Avonte's mother continues search with new headquarters

NEW YORK

"Every day I wake up and he's on my mind to find him," said Vanessa Fontaine, Avonte's mother.

Vanessa Fontaine has no doubt.

She remains convinced that her son, Avonte Oquendo, is alive.

Not living on the bitter-cold, windswept streets of New York City, but in someone's home, and she's determined to get him back.

"If you have him, just let him go, return him. Put him in a public place with a note saying, 'This is the child missing, call 911', and they can walk away, I just want my child back," Fontaine said.

Avonte was last seen leaving his school in Long Island City two months ago. He is 14 years old and severely autistic.

An intensive search in the days that followed was fruitless. Volunteers have plastered the city with posters while others have manned telephone banks.

His mother has taken a leave of absence from her job with an insurance firm, and is using her life savings to open a search headquarters in a tiny apartment in Astoria.

"I want people to know that this boy is still missing," Fontaine said, "Take a moment to look in a child's face and say you know that this could be the kid.
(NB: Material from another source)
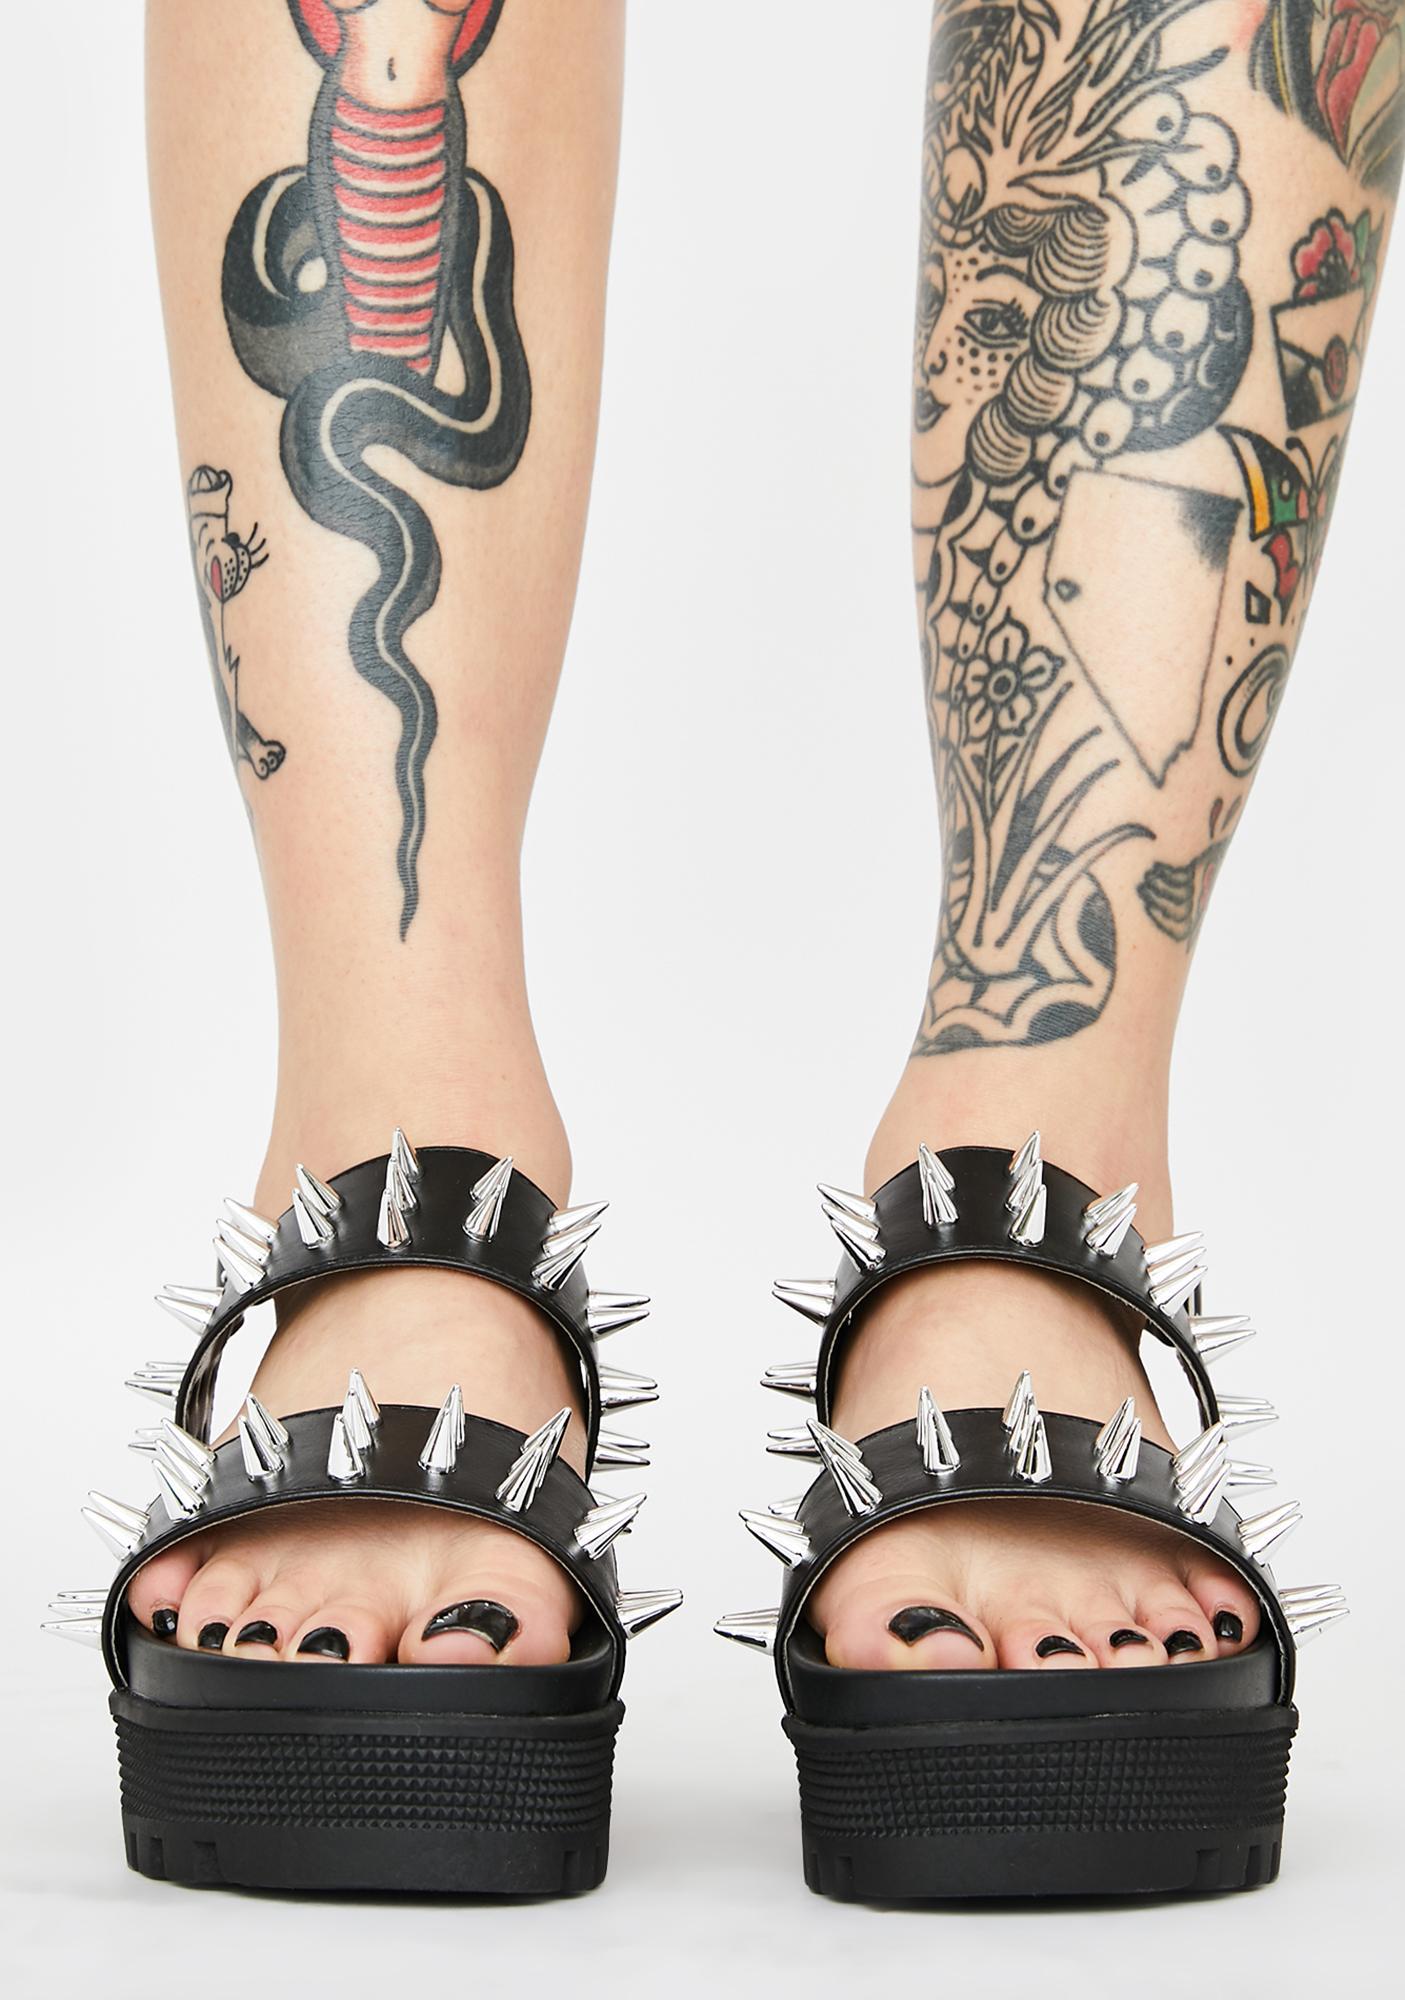 Total Annihilation Spiked Sandals

He could have passed on by you and you wouldn't even know it."

"I just can't imagine what the family's going through," a Queens resident said.

"I do think about it. I see the signs in the subway all the time, sometimes they still make announcements. I hope he turns up," another resident said.

Vanessa Fontaine says she speaks with detectives every day. Anybody with is urged to call the NYPD. There's a $95,000 reward.